• TASK BRIEF
Please transcribe exactly the lines from the line holding "Bathroom renovation-Yardley, PA" through the end of the data below, and skip any pictures.

• INFORMATION SUPPLIED
****************

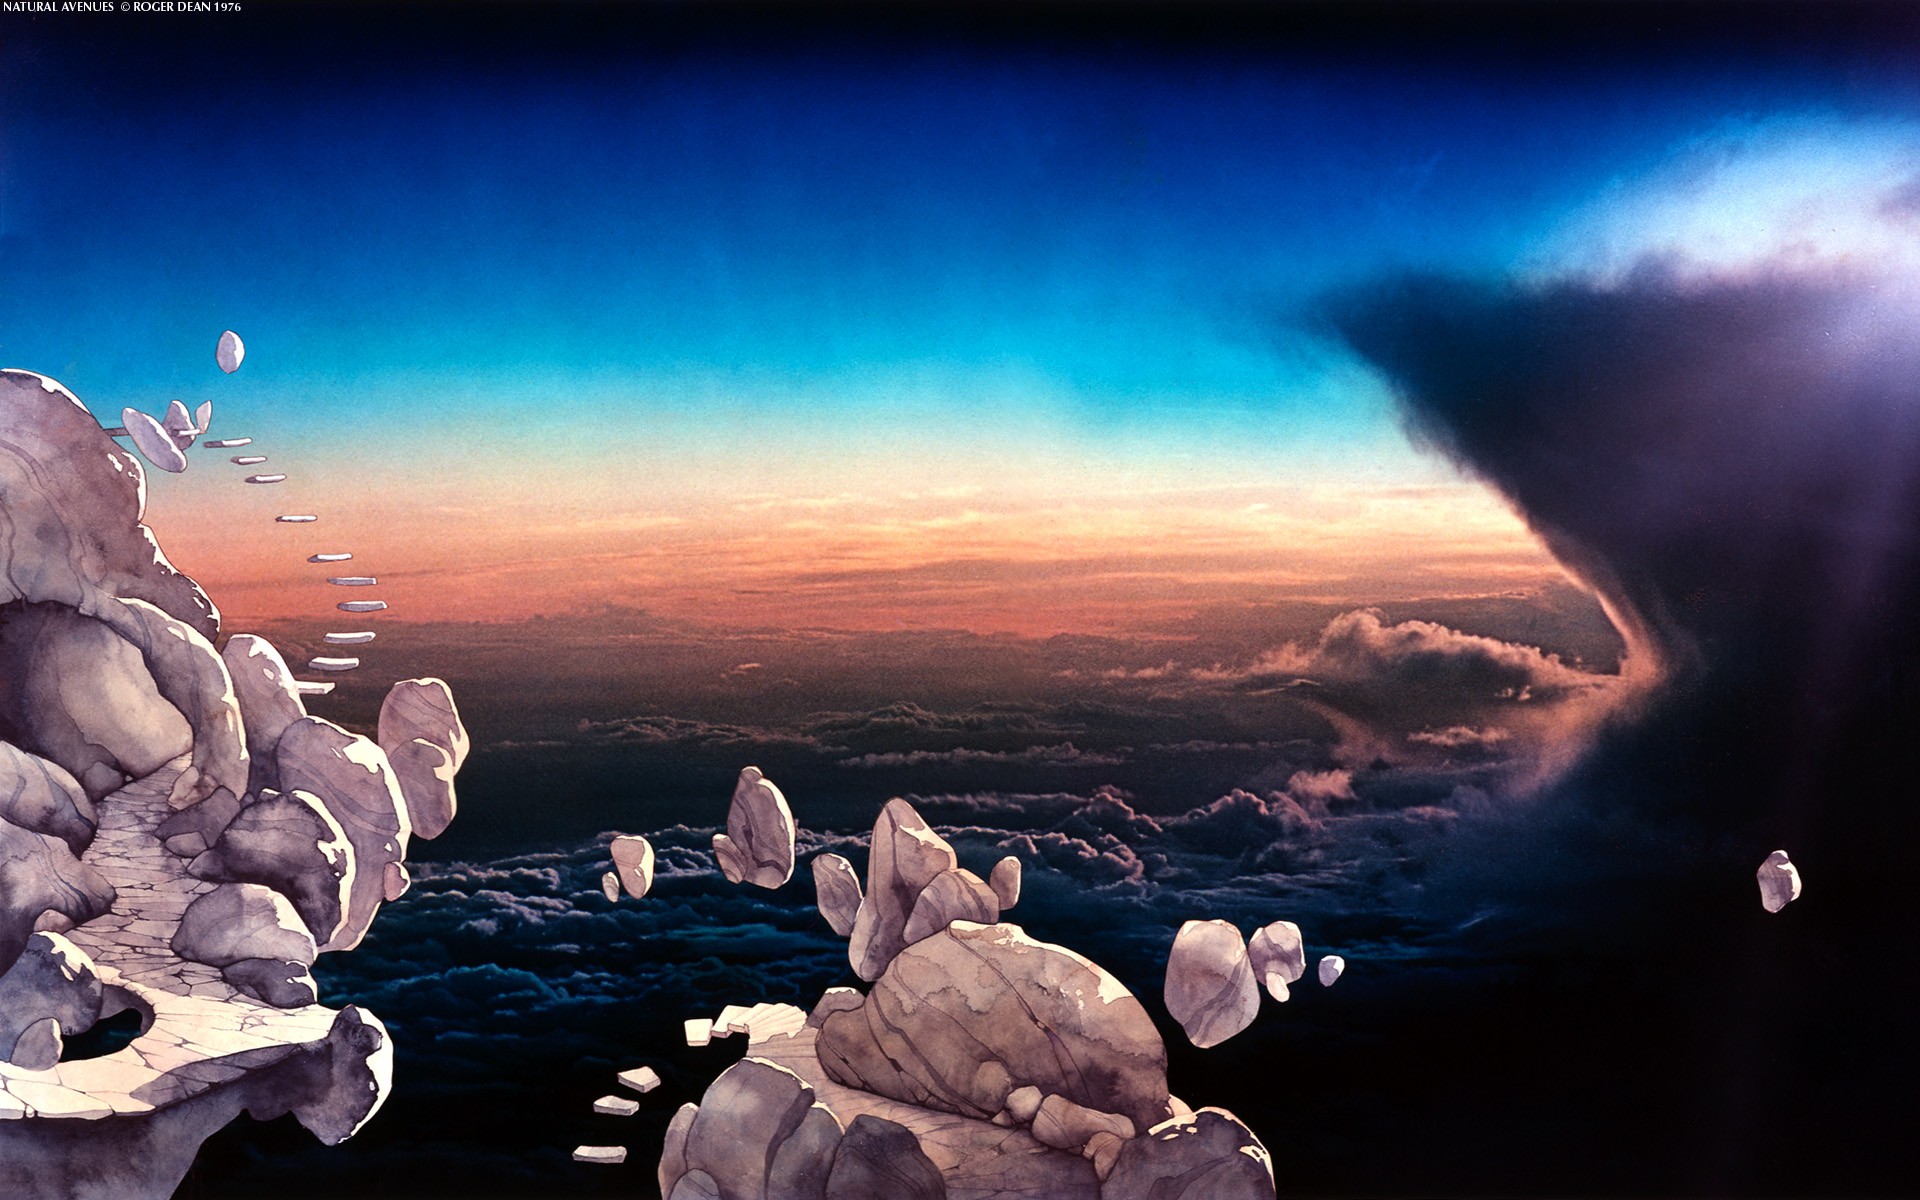 Roger Dean Rock Fantasy Art Clouds Digital Art Sky Stairs 1920x1200
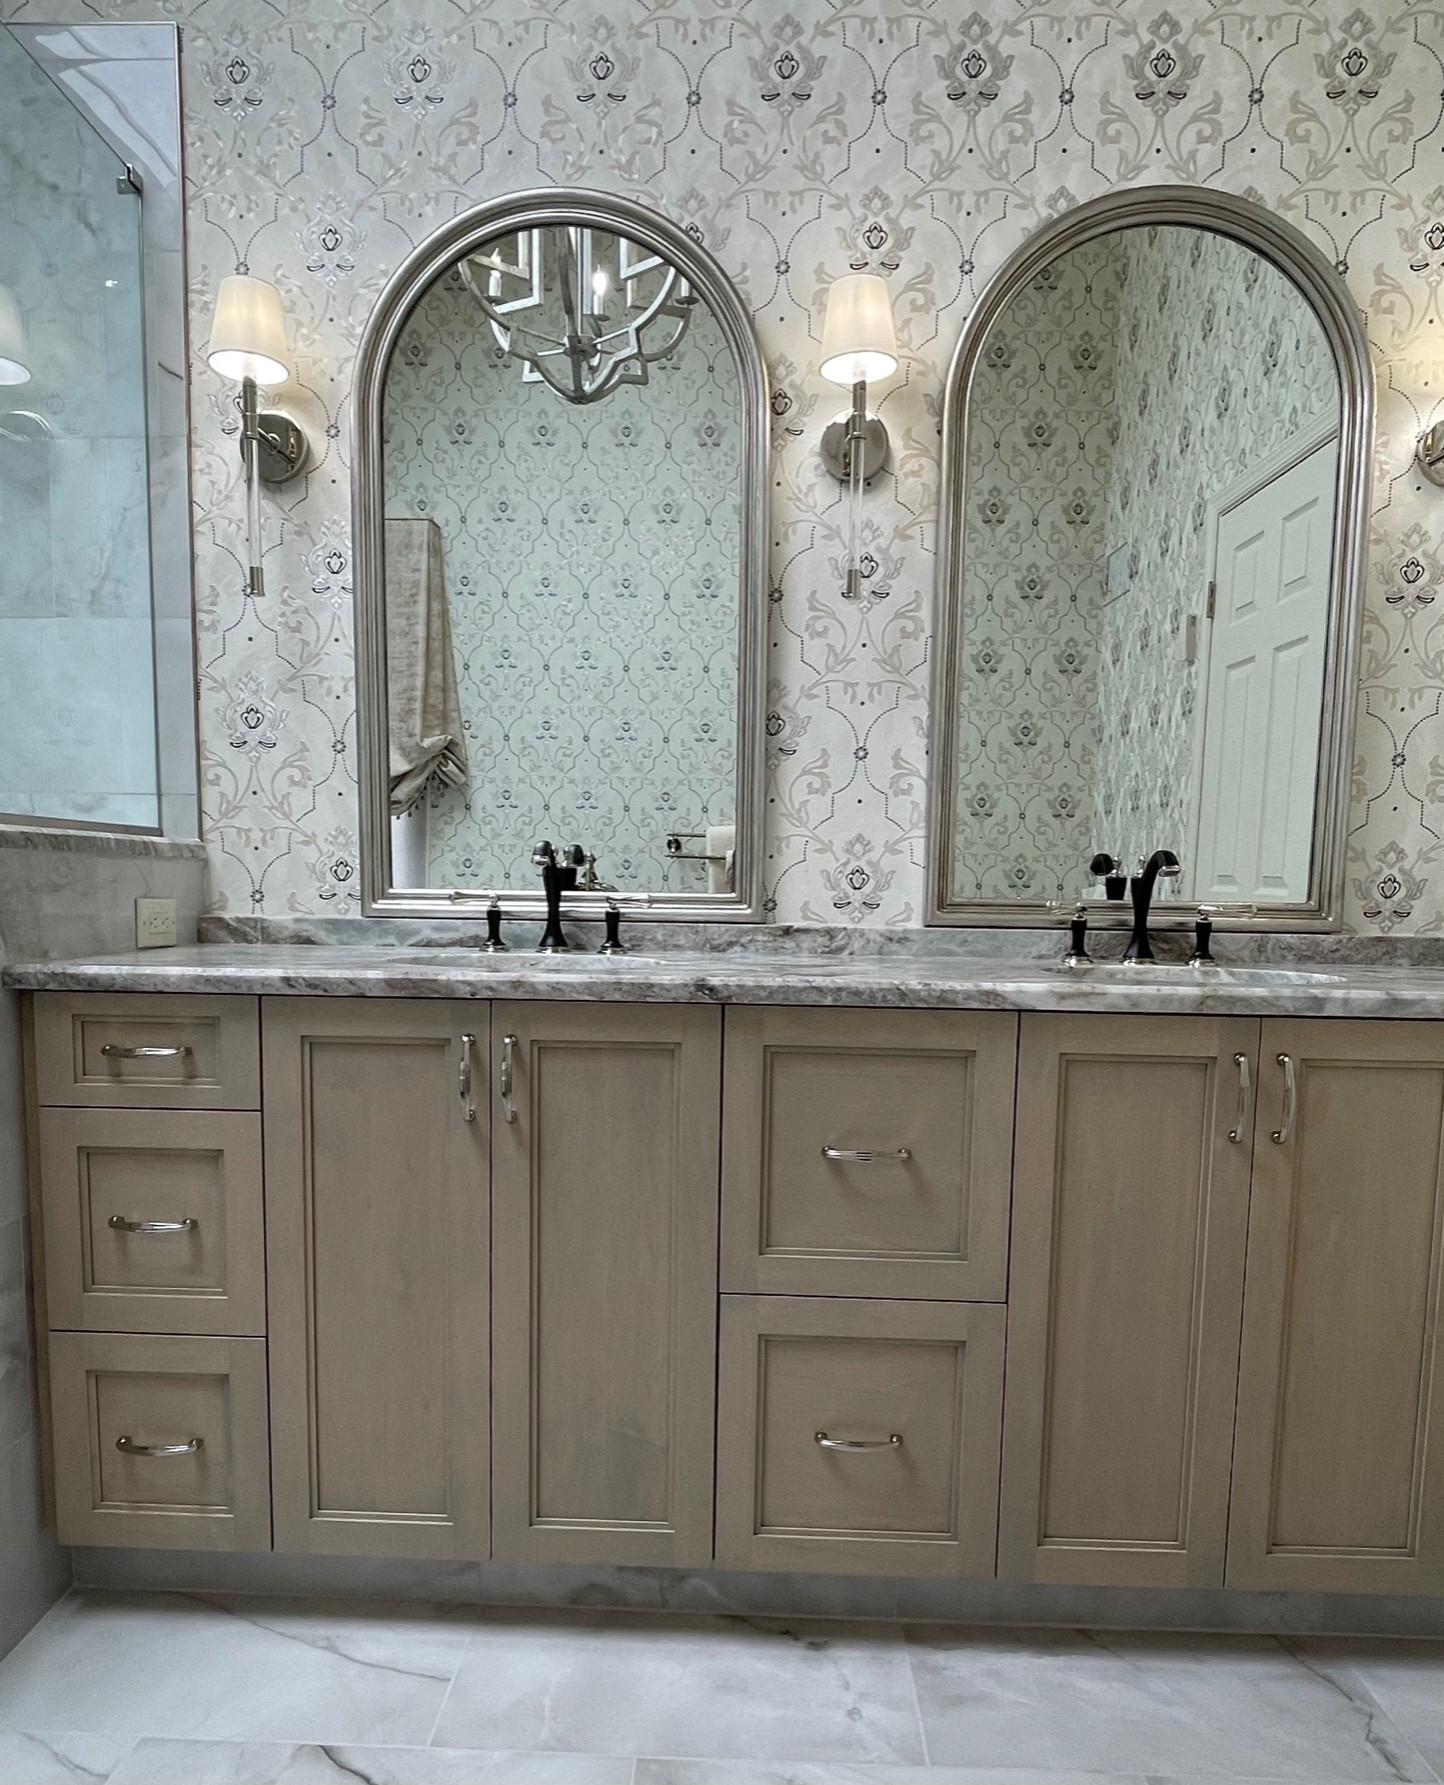 Bathroom renovation-Yardley, PA
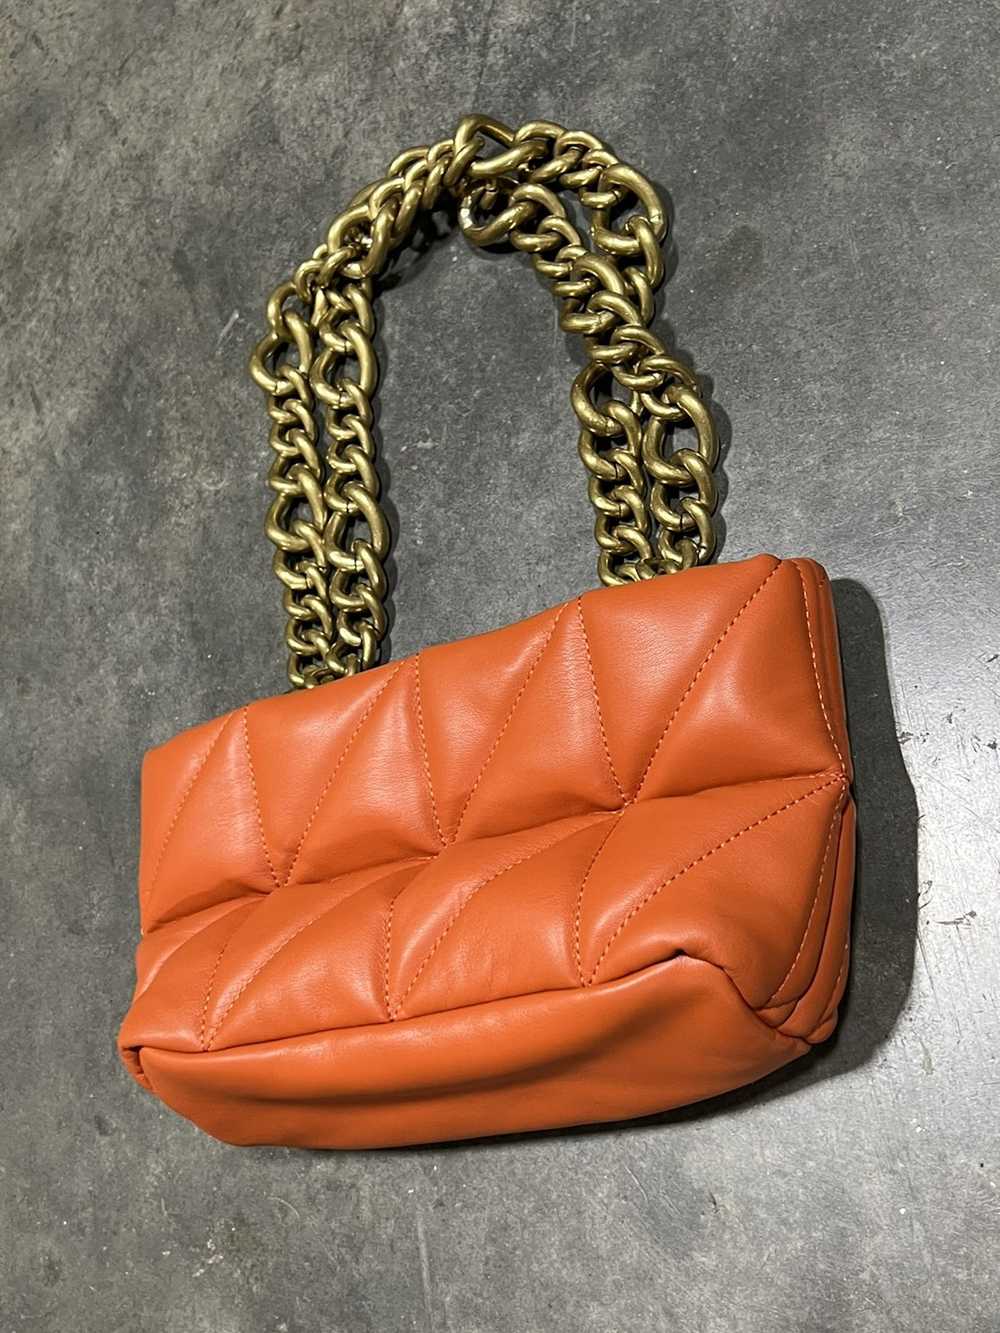 Zara ZARA Orange Fluff Hand Bag - image 5

****************

• SOLUTION FOR THIS PROBLEM
 Bathroom renovation-Yardley, PA
 Zara ZARA Orange Fluff Hand Bag - image 5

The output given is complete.